J’ai commencé cet éloge par une métaphore, celle du « maçon fatigué et endormi dans sa brouette ». J’aimerais le terminer par une autre, celle de la « ballade des pendus » de François Villon. J’aimerais, surtout revêtir, un court instant, la toge du philosophe, que celui-ci s’appelle Martin Heidegger ou Maurice Merleau-Ponty, pour reconnaitre, avec eux, l’impuissance radicale de l’être humain devant la mort. La mort qui pour Heidegger, est la “possibilité de l’impossibilité” qui révèle notre finitude et nous oblige à vivre authentiquement, là où, pour l’autre, Merleau-Ponty, la mort manifeste certes de la fragilité de notre existence incarnée, mais qui ne supprime, nullement la continuité de la chair et du monde. C’est pourquoi, comme dans la Ballade des pendus de François Villon, où les corps suspendus rappellent à chacun de nous, cette fragilité de la condition humaine, la disparition de notre collègue, nous indique à l’évidence que sous ce firmament : nul n’échappe au passage du temps, comme si bien cliaronné dans cette belle et ancienne cantique chrétienne de … « Tout passe » :

Mais, là où Villon voyait des vies livrées au vent et aux corbeaux, là où Heidegger nous enseigne que nous sommes des êtres-pour-la-mort. Que c’est dans la conscience de cette finitude que se déploie la vérité de notre existence, Merleau-Ponty ajoute, cependant, que notre chair, inscrite dans le monde, continue de parler même après le silence. C’est pourquoi, je ne vois, quant à moi, dans la disparition de Jean-Pierre, plutôt, que celle d’un esprit qui s’élève, non pas dans l’oubli, mais dans la mémoire collective. Que sa mort n’est pas une rupture totale, mais une transformation qui inscrit sa présence dans une continuité qui nous oblige à vivre et à enseigner avec plus de gravité et de fidélité. Notre collègue, Jean-Pierre, ne disparaît donc pas dans le néant, il devient ce témoin silencieux qui nous rappelle que chaque cours, chaque recherche, chaque geste académique que nous posons, est une victoire contre l’oubli. Suspendu à l’espérance, son nom continue et continuera de résonner dans nos voix, dans nos pratiques et dans nos vies.

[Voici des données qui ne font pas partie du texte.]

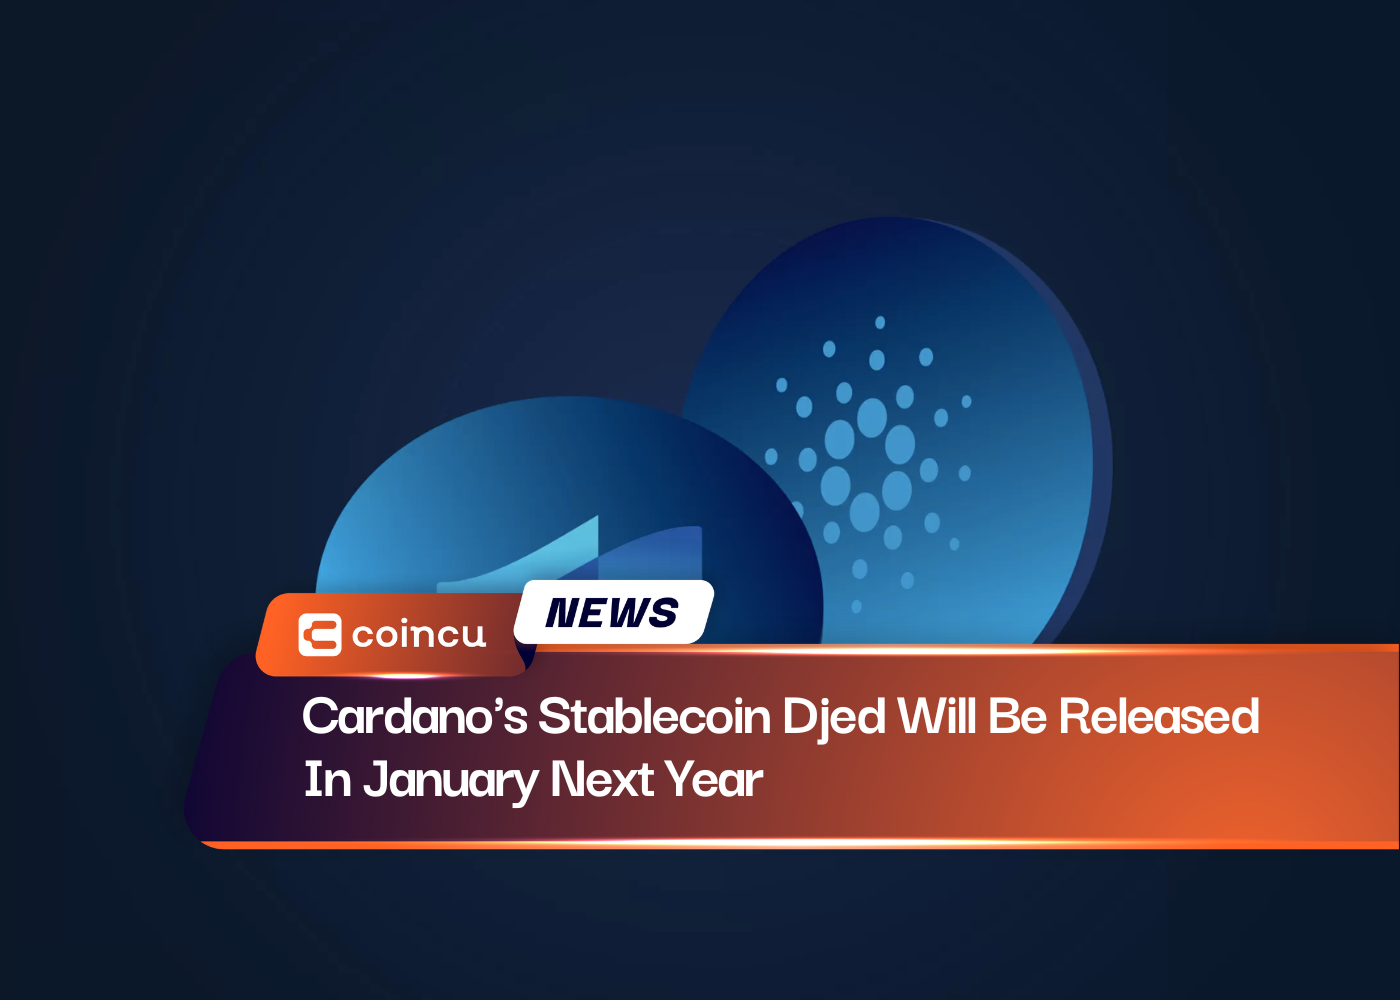 Cardano's Stablecoin Djed Will Be Released In January Next Year

Aussi, comme l’écrivait François Villon, toujours dans sa « Ballade des pendus », Jean-Pierre…, je le sens…, me demande de lancer cette supplication à nous tous qui avons encore l’opportunité de vivre.

Je cite :

 « Frères humains qui après nous vivez, n’ayez les cœurs contre nous endurcis, car, si pitié de nous pauvres avez, Dieu en aura plutôt de vous merci ».

Ces paroles, très anciennes, écrites au XVe siècle, n’ont de cesse de ponctuer, cependant, que la mort, loin de nous séparer, nous invite à la compassion et à la solidarité. Elles trouvent aujourd’hui un écho particulier dans notre hommage, car elles nous invitent à entourer notre collègue disparu, de miséricorde et de mémoire. Aujourd’hui, ces paroles nous forcent à croire que la mort nous unit dans une même humanité, et que la mémoire de notre collègue doit être portée avec compassion et respect.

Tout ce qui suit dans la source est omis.